A serious movie


Time magazine has an early look at the new film from Joel and Ethan Coen, "A Serious Man," which premiered at the Toronto Film Festival over the weekend (it will be in theaters Oct. 2). The Coen brothers have been increasingly integrating Jewish themes into their work in recent years, and generated intense buzz last year when they agreed to adapt Michael Chabon’s "The Yiddish Policemen’s Union" for the screen. 

Here’s Time’s synopsis of the film. The trailer follows.

In the two weeks leading up to his son’s bar mitzvah, Larry is subject to a catalog of social crimes, small and large. His wife Judy (Sari Lennick) has become close with family friend Sy Ableman (Fred Melamed); she wants Sy to move in and Larry to stay at the Jolly Roger. Larry and Judith’s son (Aaron Wolff) is slumming through Hebrew school and harangues Dad to adjust the rooftop TV aerial so F Troop can come in clearly. Their daughter (Jessica McManus) thinks only getting a nose job and washing her hair, which she can’t do nearly enough of because Larry’s live-in, layabout brother (Richard Kind) spends a lot of time in the bathroom medicating his neck cyst. 


At work, where Larry is up for tenure, a Korean student to whom he gave a failing grade leaves him an envelope full of bribe money; when Larry refuses, the student’s father drops by to say he may sue the professor for defamation. The neighbor on one side is a belligerent, moose-killing goy; on the other side is not threat but temptation in the form of a pretty woman (Amy Landecker) who smokes pot while sunbathing nude. Anything else? Larry’s legal bills are piling up, he just crashed his car, he needs to visit his doctor, and the guy from the Columbia Record Club keeps calling to dun him for a membership Larry never took out. According to those in his local synagogue, he isn’t even the serious man of the title; that honorific goes to the oleaginous, wife-stealing Sy. Compared to Larry, Job had it easy.

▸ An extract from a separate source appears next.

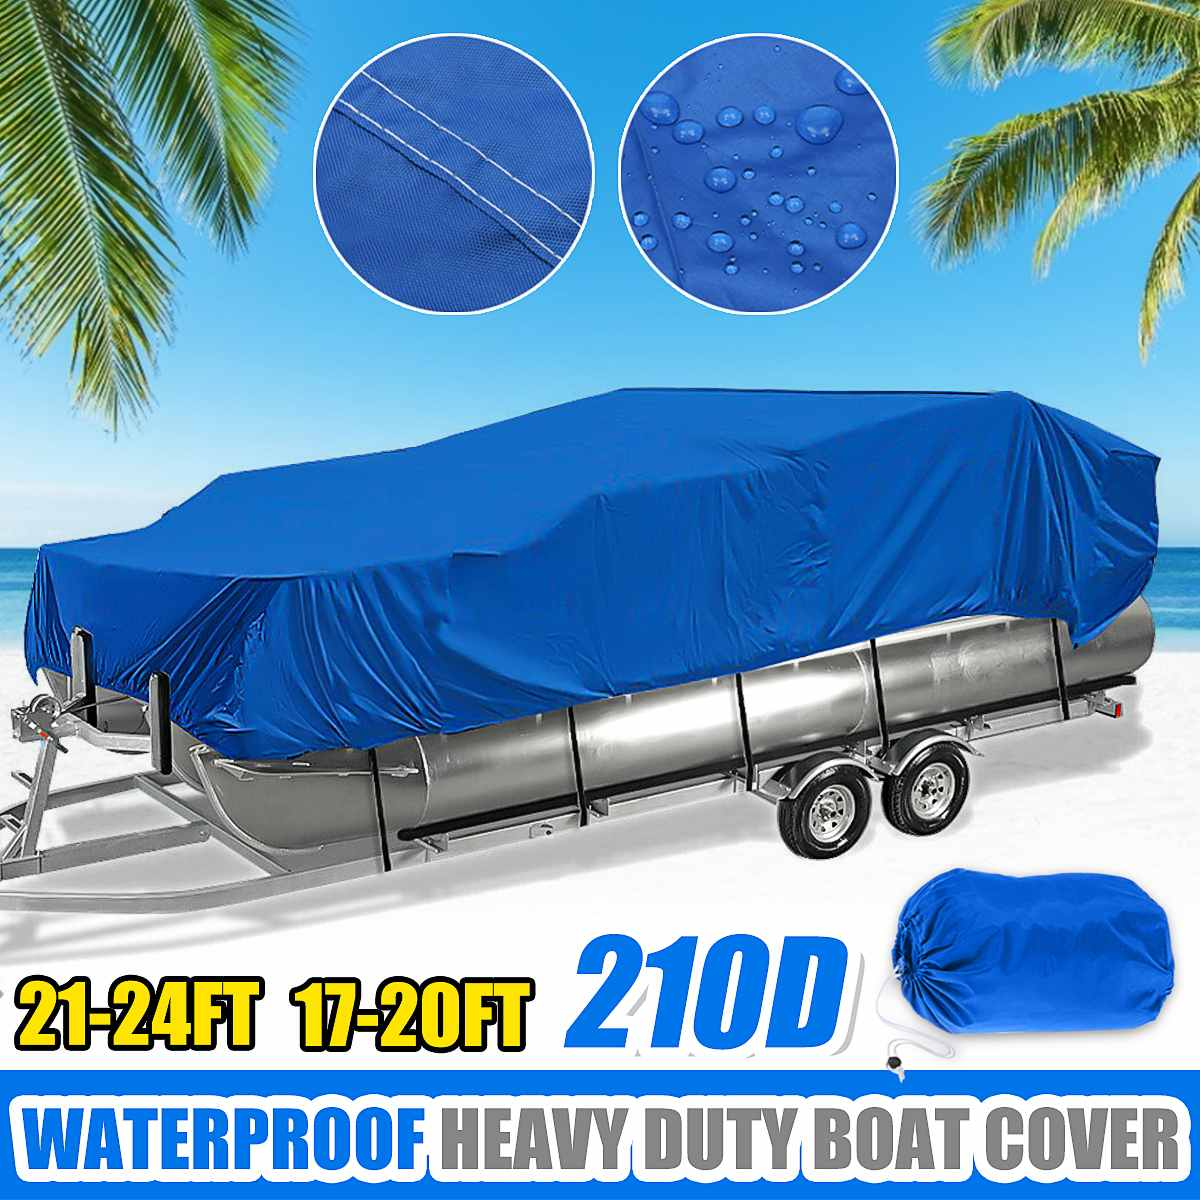 17-20Ft 21-24Ft Heavy Duty 210D Waterproof Pontoon Boat Cover Fish Ski Beam

Larry is a familiar figure from Jewish literature that dates back to the Old Testament and up to Bruce Jay Friedman’s 1962 novel Stern, about a Jew who moves to the suburbs and endures a plague of abuse from neighbors and nature. The men at the center of Philip Roth’s novels may rage and flail, but Larry doesn’t dish out insults, he takes them. When the truth is found to be lies, and all the joy within you dies, just suck it up and hope you don’t explode. That’s Larry’s method of coping. In Stuhlberg’s precise embodiment, Larry accepts all tribulations with a mouth pressed into pruny silence, as if he had bitten into something rancid but doesn’t want to be seen spitting it out. Wouldn’t matter if he did: no one gives him a moment to articulate the psychic pains he harbors.